- Born: 12 May 1949
- Died: 12 May 2024 (aged 75)
- Occupation: nurse
- Employer: National Health Service
- Organization: Royal College of Nursing
- Known for: being Deputy Chief Nursing Officer for England
- Awards: FRCN
- Honours: DBE

= Elizabeth Fradd =

British nursing administrator (1949–2024)

Dame Elizabeth Harriet Fradd, DBE, FRCN (12 May 1949 – 12 May 2024) was a British nurse leader with a particular interest in children's nursing.

==Life and career==
Fradd qualified in adult nursing in 1970, subsequently becoming a registered nurse, before qualifying and registering in children's nursing in 1971, midwifery in 1973 and health visiting in 1981.
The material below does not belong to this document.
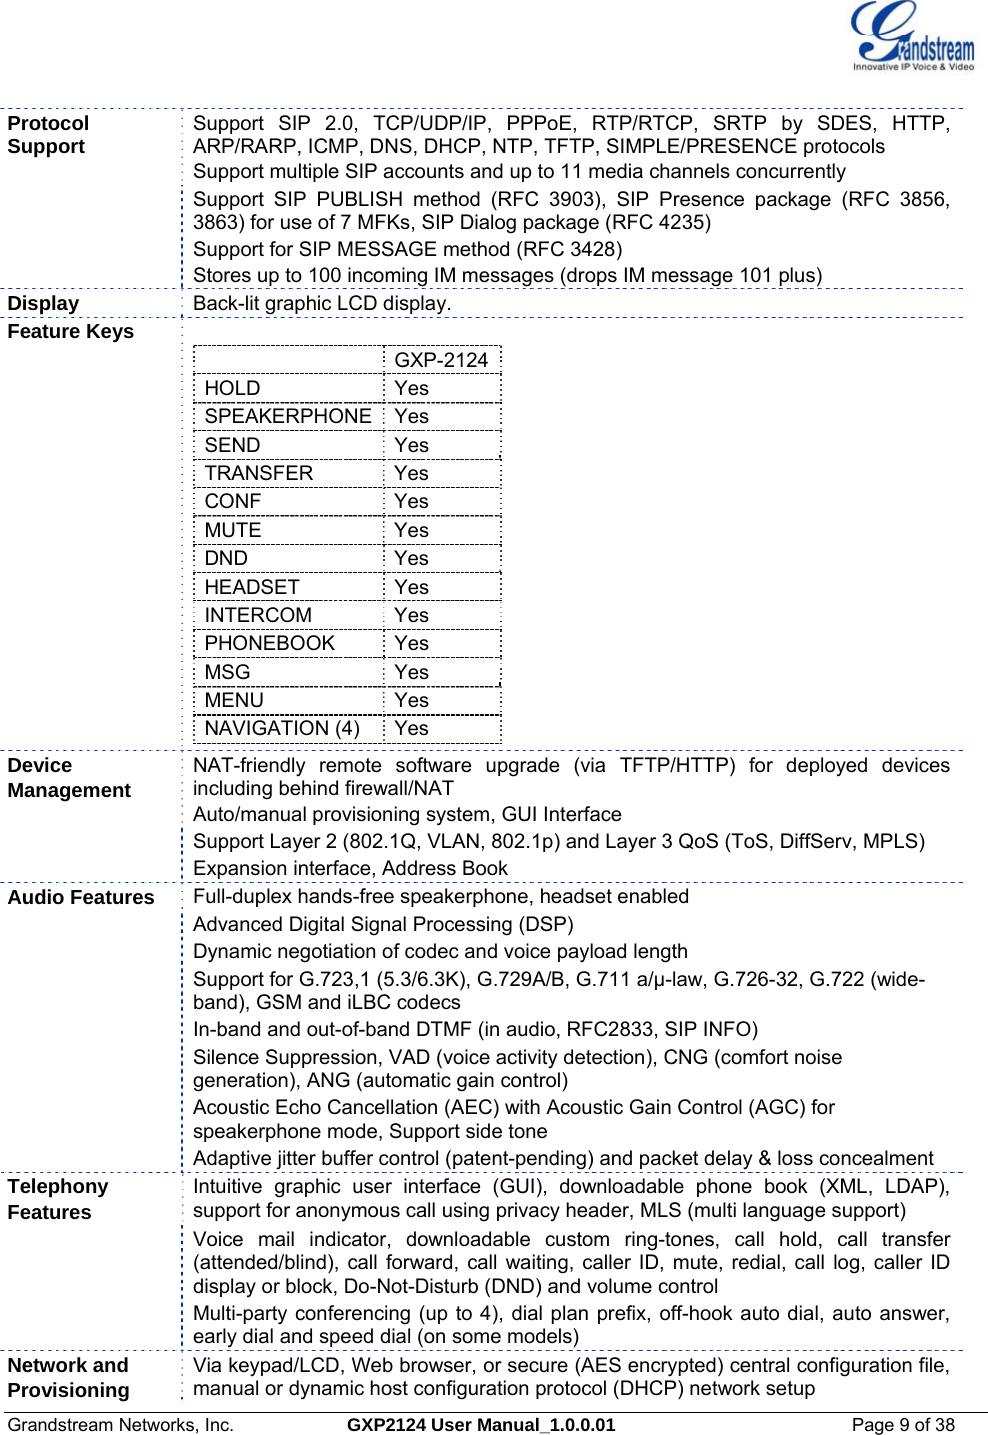  Grandstream Networks, Inc.  GXP2124 User Manual_1.0.0.01  Page 9 of 38                                                                                                                      Protocol Support  Support SIP 2.0, TCP/UDP/IP, PPPoE, RTP/RTCP, SRTP by SDES, HTTP, ARP/RARP, ICMP, DNS, DHCP, NTP, TFTP, SIMPLE/PRESENCE protocols Support multiple SIP accounts and up to 11 media channels concurrently  Support SIP PUBLISH method (RFC 3903), SIP Presence package (RFC 3856, 3863) for use of 7 MFKs, SIP Dialog package (RFC 4235)   Support for SIP MESSAGE method (RFC 3428) Stores up to 100 incoming IM messages (drops IM message 101 plus) Display   Back-lit graphic LCD display. Feature Keys                    GXP-2124HOLD Yes SPEAKERPHONE Yes SEND Yes TRANSFER Yes CONF Yes MUTE Yes DND Yes HEADSET Yes INTERCOM Yes PHONEBOOK Yes MSG Yes MENU   Yes NAVIGATION (4)  Yes  Device  Management  NAT-friendly remote software upgrade (via TFTP/HTTP) for deployed devices including behind firewall/NAT Auto/manual provisioning system, GUI Interface   Support Layer 2 (802.1Q, VLAN, 802.1p) and Layer 3 QoS (ToS, DiffServ, MPLS)   Expansion interface, Address Book Audio Features   Full-duplex hands-free speakerphone, headset enabled  Advanced Digital Signal Processing (DSP)  Dynamic negotiation of codec and voice payload length  Support for G.723,1 (5.3/6.3K), G.729A/B, G.711 a/µ-law, G.726-32, G.722 (wide-band), GSM and iLBC codecs  In-band and out-of-band DTMF (in audio, RFC2833, SIP INFO)  Silence Suppression, VAD (voice activity detection), CNG (comfort noise generation), ANG (automatic gain control)  Acoustic Echo Cancellation (AEC) with Acoustic Gain Control (AGC) for speakerphone mode, Support side tone  Adaptive jitter buffer control (patent-pending) and packet delay &amp; loss concealment Telephony  Features Intuitive graphic user interface (GUI), downloadable phone book (XML, LDAP), support for anonymous call using privacy header, MLS (multi language support)  Voice mail indicator, downloadable custom ring-tones, call hold, call transfer (attended/blind), call forward, call waiting, caller ID, mute, redial, call log, caller ID display or block, Do-Not-Disturb (DND) and volume control  Multi-party conferencing (up to 4), dial plan prefix, off-hook auto dial, auto answer, early dial and speed dial (on some models) Network and  Provisioning Via keypad/LCD, Web browser, or secure (AES encrypted) central configuration file, manual or dynamic host configuration protocol (DHCP) network setup

Between 1973 and 1983, she held a variety of registered nurse, midwife and health visitor posts; she managed children's units in Nottingham and worked as a nursing officer at the Department of Health.

In 1994, she gained an MSc in Health Care Policy and Organisation from the University of Nottingham. A year later, she became the Director of Nursing and Education at the NHS Executive West Midlands Regional Office. In 1999, she was appointed the Assistant Chief Nursing Officer (Nursing Practice) for the Department of Health.

She was Director of Nursing and Education in the West Midlands Regional Office before becoming Assistant Chief Nurse in the Department of Health in 1999. She chaired the Joint British Advisory Committee for Children's Nursing for over ten years. She chaired the Children's Nursing Committee for the English National Board and was Vice Chair of the Royal College of Nursing Children’s Nurse Managers Forum.

Fradd served at the Commission for Health Improvement as Director of Nursing and Lead Director for the Inspection and Review Programme. She held many honorary academic positions which include a Visiting Professor of Nursing at the University of Central England, Birmingham. Her career took an international direction, including an invitation to advise Aboriginal health workers in the Australian outback. She acted in an advisory capacity to China, the United States, Canada and Australia.

From April 2004, she worked as an independent adviser on health services and continued to take an interest in children's health as a Trustee for Contact a Family and as an adviser to Action for Sick Children. She was Vice President of Rainbows Children’s Hospice.

Fradd was University of Nottingham Council member from August 2009 until December 2018 and was their Vice-President from January 2012 through to the end of her tenure in December 2018.

She sat on the Prime Minister's independent commission that published the Front Line Care (Report) in 2010.

==Death==
Fradd died on 12 May 2024, her 75th birthday.

==Awards==
Fradd received honorary doctorates from the University of Central England, University of Wolverhampton and University of Nottingham, where she had a special professorship. She was made a Fellow of the Royal College of Nursing in 2004.

==Honours==
Fradd was appointed Dame Commander of the Order of the British Empire (DBE) in the 2009 New Year Honours.

Fradd was picked High Sheriff of Nottinghamshire for the year 2020–21.